Why Enterprise Storage RFPs Are the Hardest Procurement Comparisons
Storage RFPs are infamously slow. The vendors all claim sub-millisecond latency, all claim millions of IOPS, all claim petabytes of effective capacity, all claim aggressive data-reduction guarantees, all claim NVMe everywhere. The headline numbers look comparable. The underlying assumptions almost never are.
We pulled current 2026 product positioning across the three flagship enterprise SAN platforms — Dell PowerStore (Gen 2), NetApp AFF (refreshed lineup), and Pure Storage FlashArray (now branded under the Everpure parent rebrand of February 2026) — ran them through procurement-grade normalization, and put them side-by-side. Here is what a buyer should actually compare and why a 6-to-10-week storage RFP should take four weeks with the right tooling.
Quick Answer: PowerStore vs NetApp AFF vs Pure FlashArray (2026)
As of mid-2026, the three leading enterprise all-flash SAN platforms are Dell PowerStore Gen 2 (PowerStoreOS 4.2; T/Q model lineup 500T through 9200T), NetApp AFF A-Series (refreshed lineup A20/A30/A50/A70/A90/A1K running ONTAP 9.17.1), and Pure Storage FlashArray (now under the Everpure parent brand; FlashArray//X R5, //C R5, //XL 190, //ST).
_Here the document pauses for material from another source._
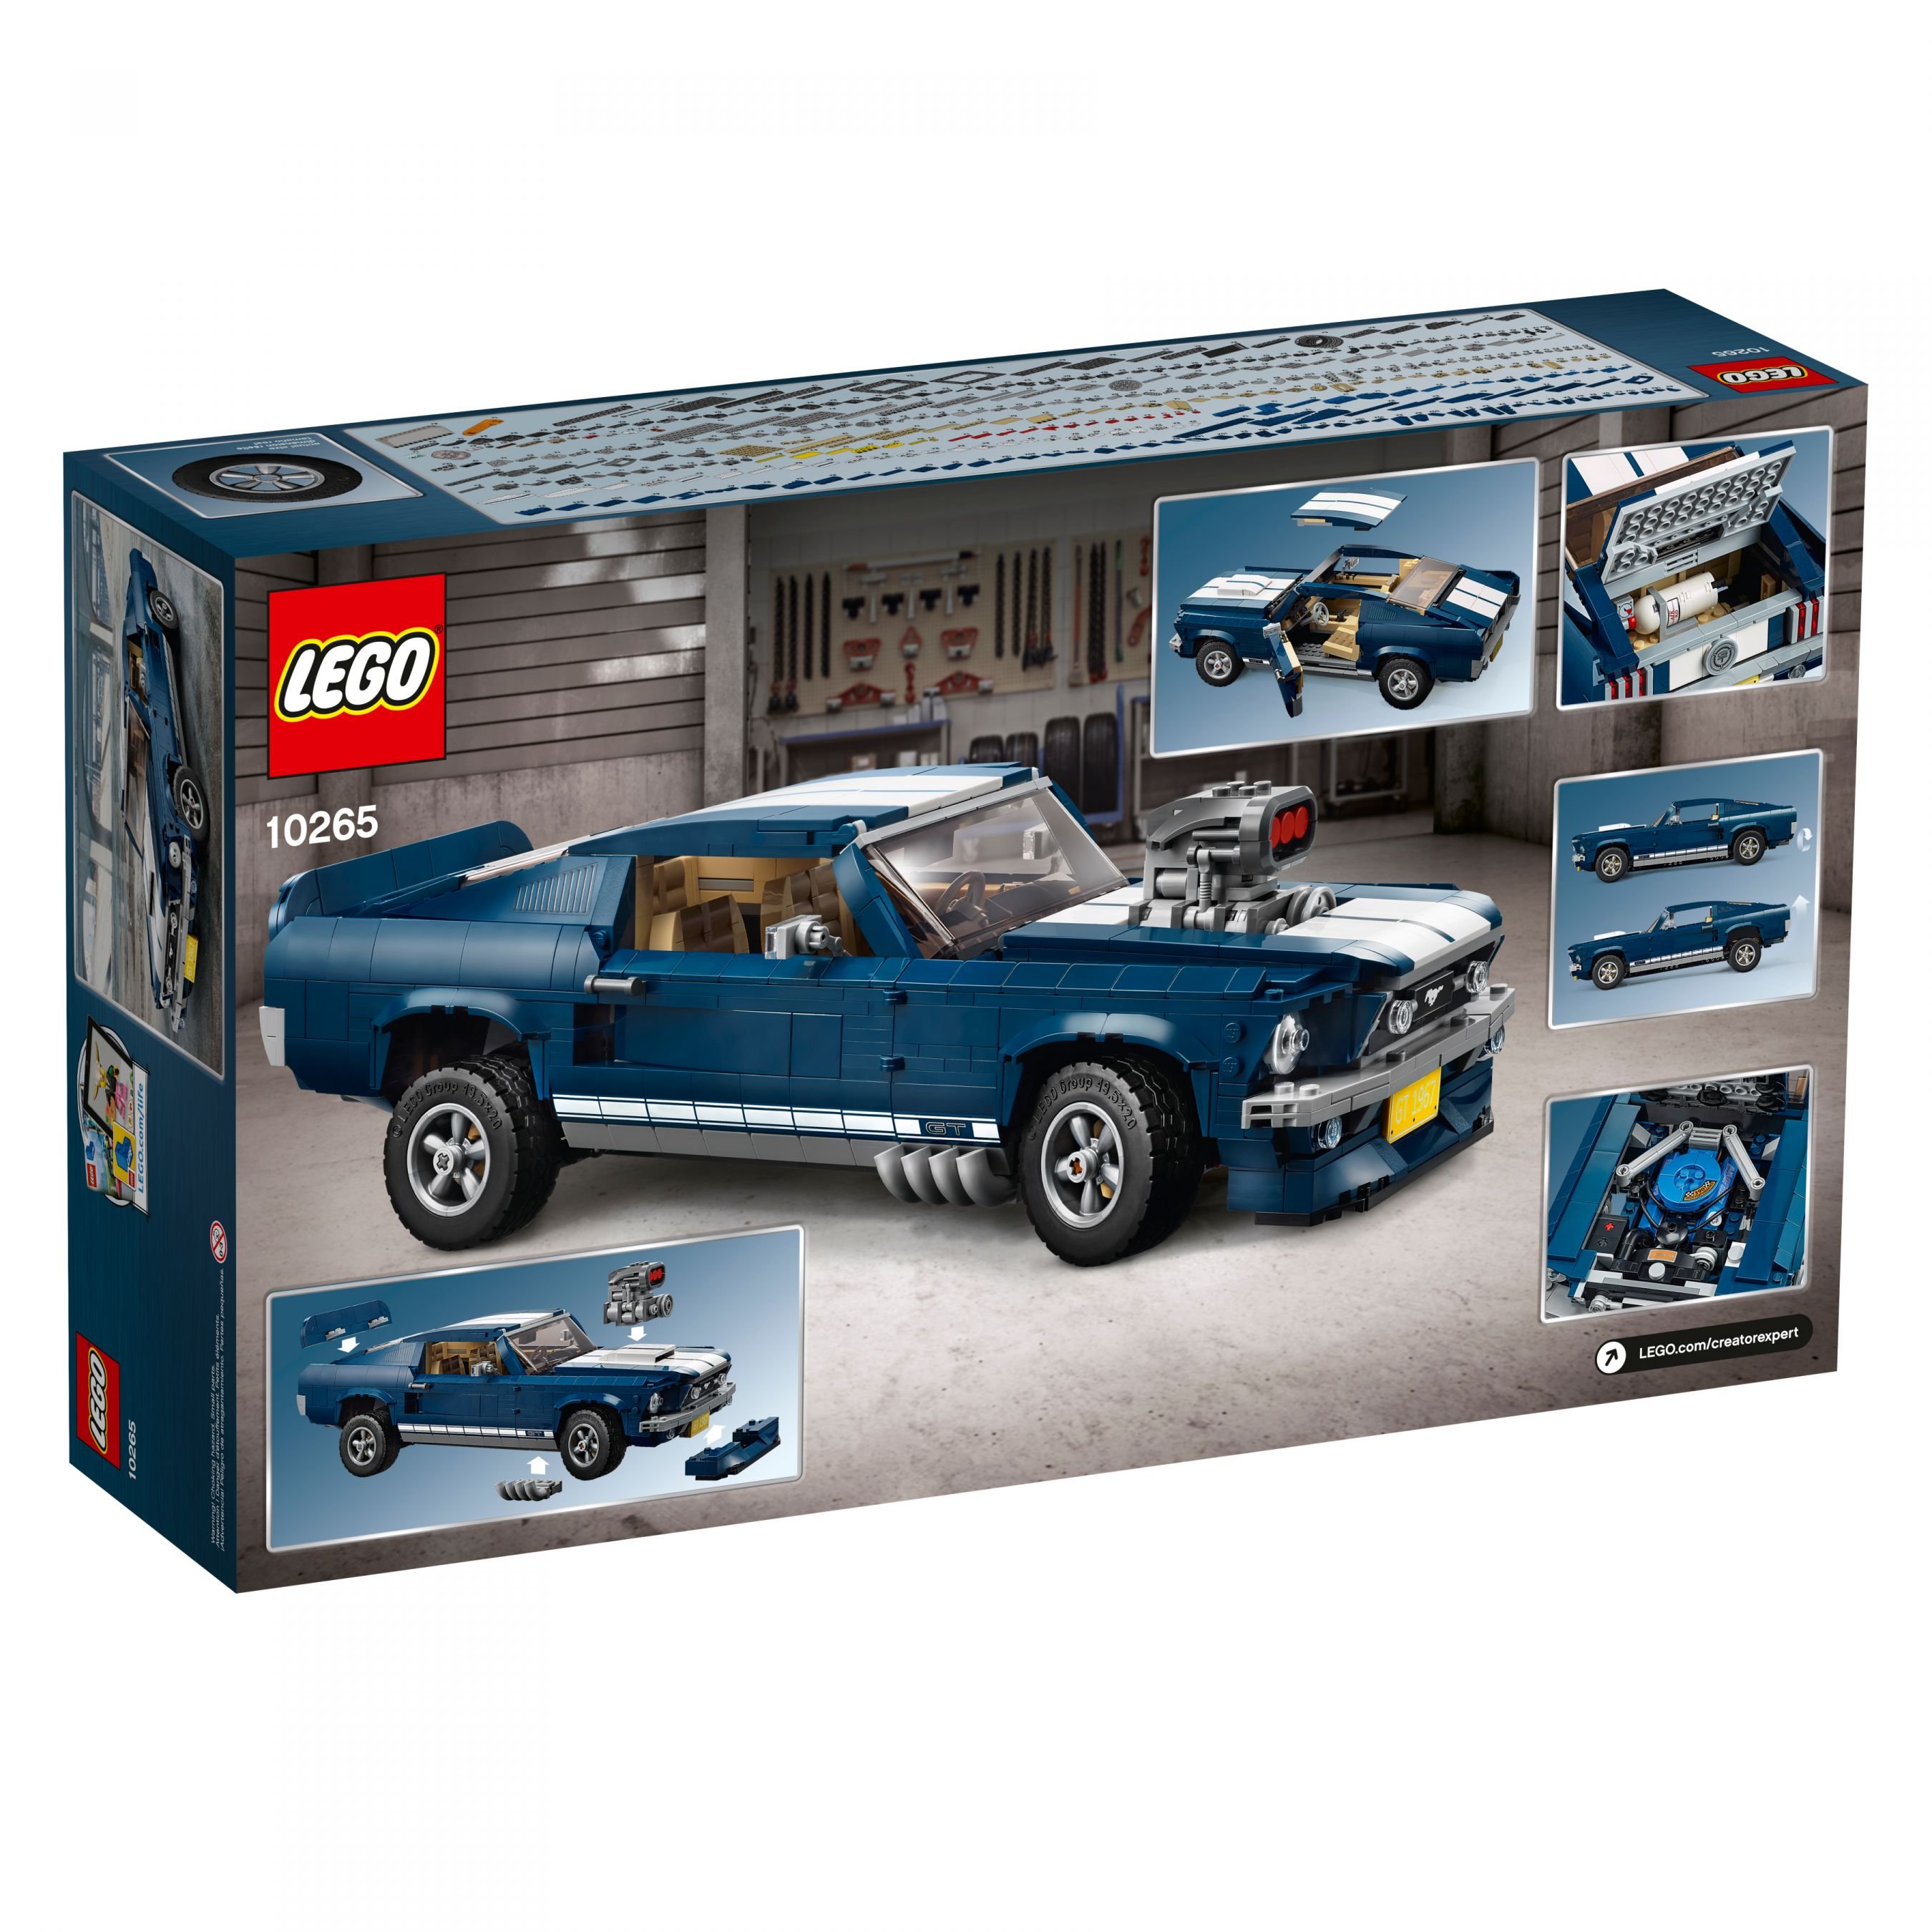 LEGO Advanced Models 10265 Ford Mustang GT LEGO_10265_alt5.jpg

Pure/Everpure is currently named Leader furthest in Vision and highest in Execution on the 2025 Gartner Magic Quadrant for Enterprise Storage Platforms. Dell remains #1 worldwide OEM by IDC Q3 2025 share. Differentiation is real but obscured by inconsistent IOPS, capacity, and latency reporting conventions.
Why Enterprise Storage QuickSpecs Make Comparison Hard
Four areas where vendor specs make apples-to-apples comparison difficult — and what to demand in the RFP to fix it.
1. IOPS at Inconsistent Block Sizes and Workload Mix
Vendor A reports 4 KB random read IOPS; vendor B reports 8 KB mixed 70/30 read/write IOPS; vendor C reports steady-state IOPS after cache warm-up at 16 KB. All three numbers are correct under their respective assumptions. None are directly comparable. The fix: specify in the RFP exactly what IOPS measurement methodology you require — block size, workload mix, queue depth, cache state — and ask each vendor to respond on those conditions.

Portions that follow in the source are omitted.